Hice una mueca, no podía negarle razón.
—Te trajimos un regalo —dije, desviando el tema.
Abrí el maletero, donde con mucho esfuerzo habíamos metido la motocicleta. Era una suerte que el coche de Eros fuera suficientemente grande.
—Voy a reconocer que Anteros tiene buen gusto —elogió, admirando su nuevo vehículo.
Entre los dos lo bajamos y lo guardamos en su cochera, donde las esculturas de Fran y Agnes permanecían inertes. Las saludé al pasar y Adrian me recordó que en realidad no podían escucharme.
—Quizás sí, no puedes saberlo —reclamé.
Lo consideró.
—Bueno, tal vez sea como estar en estado vegetal —meditó.
—¿Cómo se sentirán? —inquirí.
—Como un vegetal —repitió, abriendo la puerta para volver a la casa, donde se encontraban todos los demás.
—Claro, en el hospital los clasifican por hortalizas —mascullé, siguiéndolo—. Allá las zanahorias, a la izquierda los repollos...

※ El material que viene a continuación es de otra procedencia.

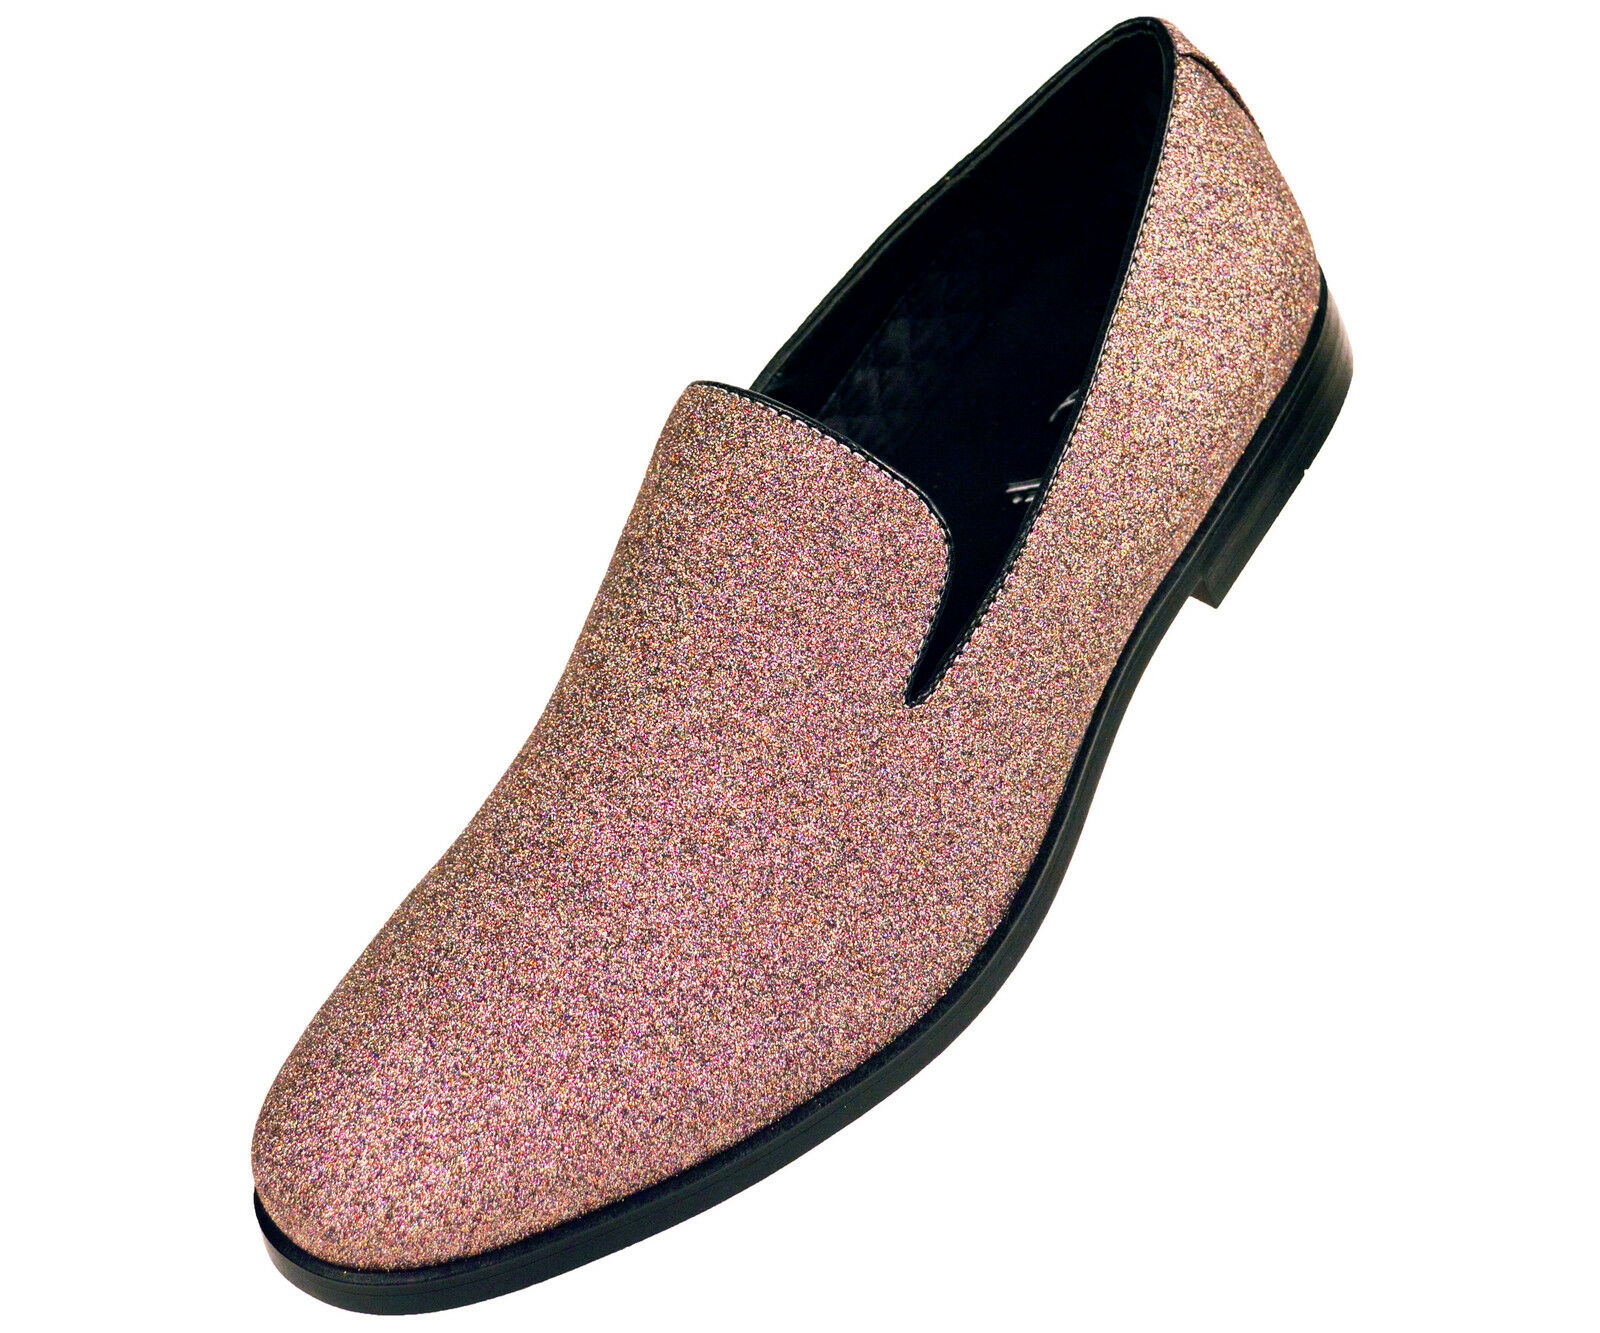 Amali Mens Multi Color Glitter Chinese Slipper Slip On Tux Dress Shoe Busby-462

Habían dejado a Flor recostada en el sofá, antes de sentarse a verse las caras. Todos sabían qué venía ahora, el tiempo se nos acababa y ya teníamos al culpable, pero ninguno estaba listo para continuar.
Por mientras, pusimos al día a Adrian. Nos turnamos para hablar y de vez en cuanto interrumpíamos al otro para completar con uno que otro detalle.
—Estupendo, solo nos queda invocar a Atenea —señaló el heredero de Hefesto, notablemente aliviado por poder ponerle fin al problema en su cochera.